При остром бронхите слизистая оболочка брон-хов становится полнокровной и набухшей, возможны мелкие кровоизлияния, изъязвления. В просвете бронхов в большинстве случаев много слизи. В слизи-стой оболочке бронхов развиваются различные формы катара (серозный, слизистый, гнойный, смешанный), фибринозное или фибринозно-геморрагическое воспаление; возможна деструкция стенки бронха, иногда с изъязвлением его слизистой оболочки, в этом случае говорят о деструктивно-язвенном бронхите. В бронхиолах острое воспаление – бронхиолит – может быть продуктивным, что ведет к утолщению стенки за счет инфильтрации ее лимфоцитами, макрофагами, плазматическими клетками, пролиферации эпителия. В проксимальных отделах бронхов обычно поражается только слизистая оболочка (эндобронхит) или слизистая оболочка и мышечный слой (эндомезобронхит). В дистальных отделах бронхов в процесс вовлекаются все слои стенки бронхов (панбронхит и панбронхиолит), при этом возможен переход воспаления на перибронхиальную ткань (перибронхит).

Осложнения острого бронхита часто связаны с нарушением дренажной функции бронхов, что способствует аспирации инфицированной слизи в дистальные отделы бронхиального дерева и развитию воспаления легочной ткани (бронхопневмония). При панбронхите и панбронхиолите возможен переход воспаления не только на перибронхиальную ткань, но и на межуточную ткань легкого (перибронхиальная межуточная пневмония).

Исход острого бронхита зависит от глубины поражения стенки бронха. Серозный и слизистый катары бронхов легко обратимы. Деструкция стенки бронха (гнойный катар, деструктивный бронхит и бронхиолит) способствует развитию пневмонии. При длительном воздействии патогенного фактора бронхит приобретает черты хронического.

Острые пневмонии

Острые пневмонии – группа воспалительных заболеваний, различных потиологии, патогенезу и клинико-морфологическим проявлениям, характеризующихся преимущественным поражением респираторных отделов легких.

Этиология.

Этиология острых пневмоний разнообразна, но чаще их возникновение связано с инфекционными агентами (схема XX).

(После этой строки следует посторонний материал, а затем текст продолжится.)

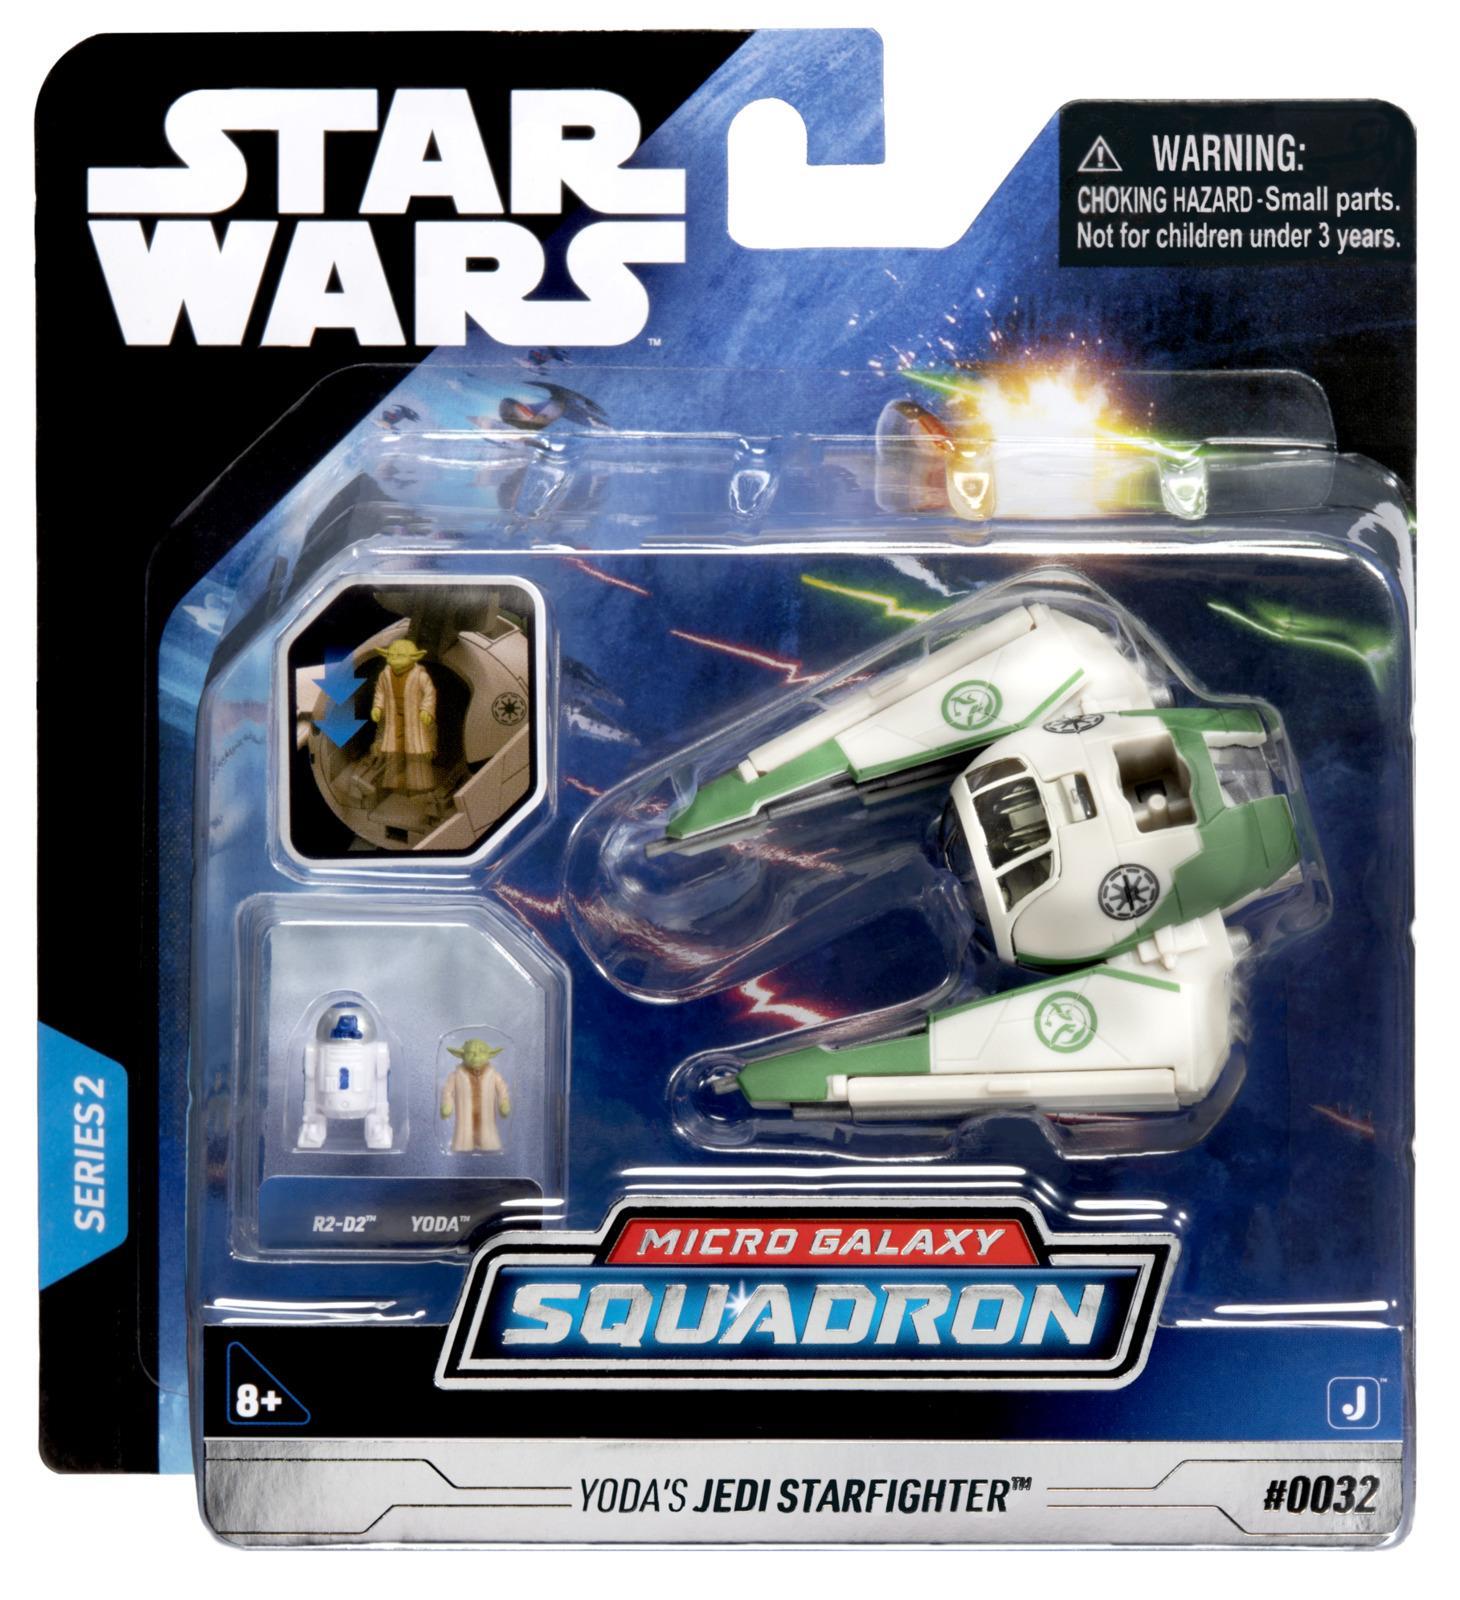 Star Wars: Micro Galaxy Squadron - Jedi Star Fighter (Yoda)
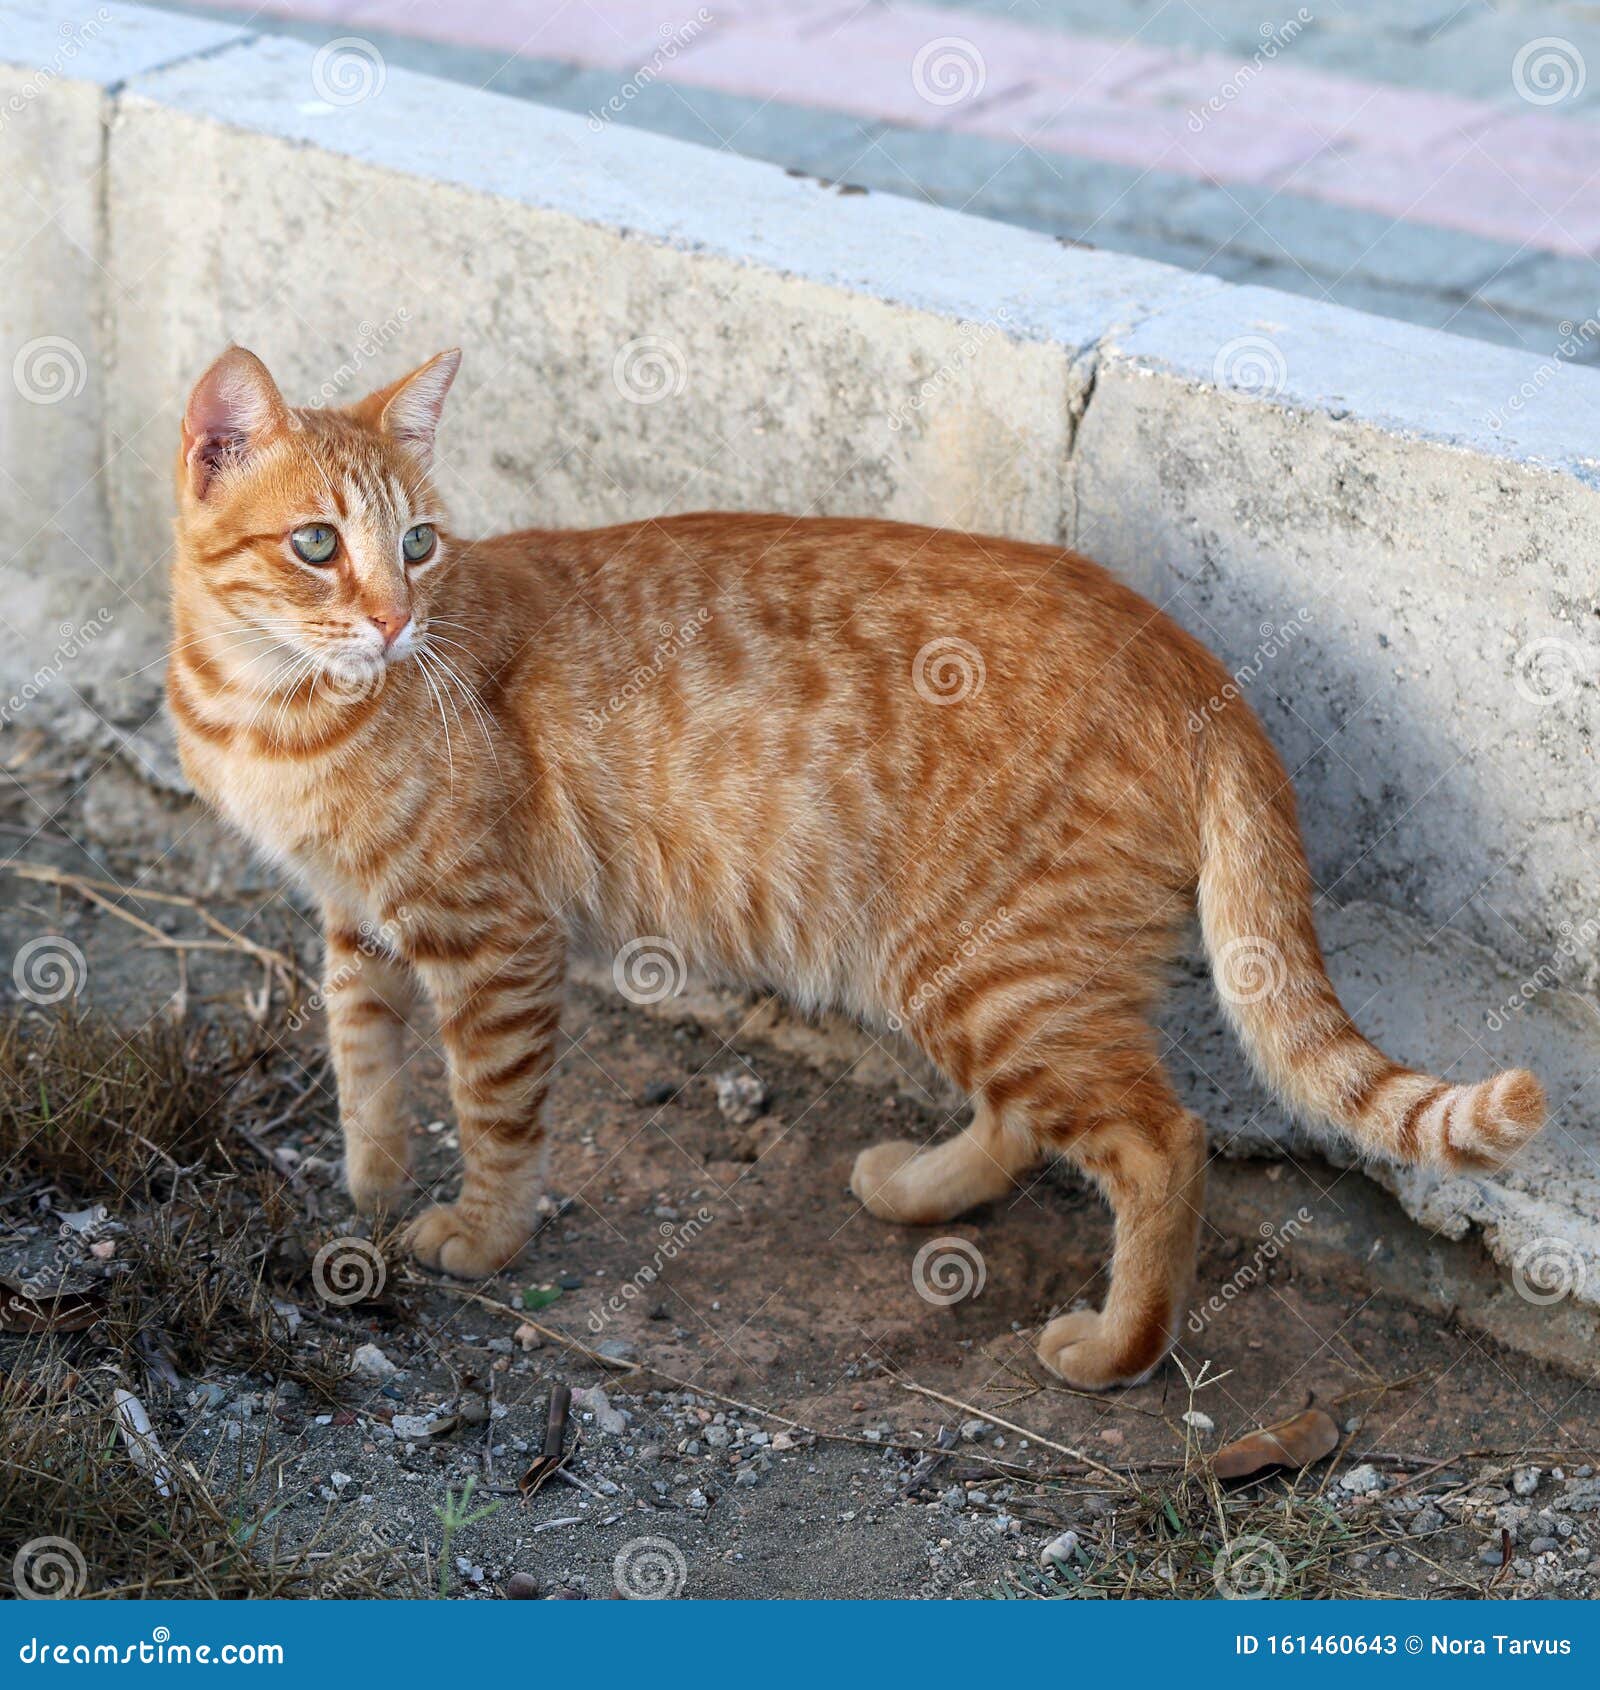 Wild Striped Orange-Colored Cat Looking Alert in Cyprus Stock Image ...

Среди факторов риска острых пневмоний выделяют, помимо инфекции (особенно вирусной) верхних дыхательных путей, обструкцию бронхиального дерева, иммунодефицита, алкоголь, курение и вдыхание токсических веществ, травму, ранение, нарушение легочной гемодинамики, послеоперационный период и массивную инфузионную терапию, старость, злокачественные опухоли и стресс (переохлаждение, эмоциональное перенапряжение).

Руководствуясь нозологической характеристикой и патогенезом, различают первичные и вторичные острые пневмонии. К первичным острым пневмониям относят пневмонии как самостоятельное заболевание и как проявление другой болезни, имеющее нозологическую специфику (например, гриппозная, чумная пневмонии). Вторичные острые пневмонии являются чаще всего осложнением многих заболеваний.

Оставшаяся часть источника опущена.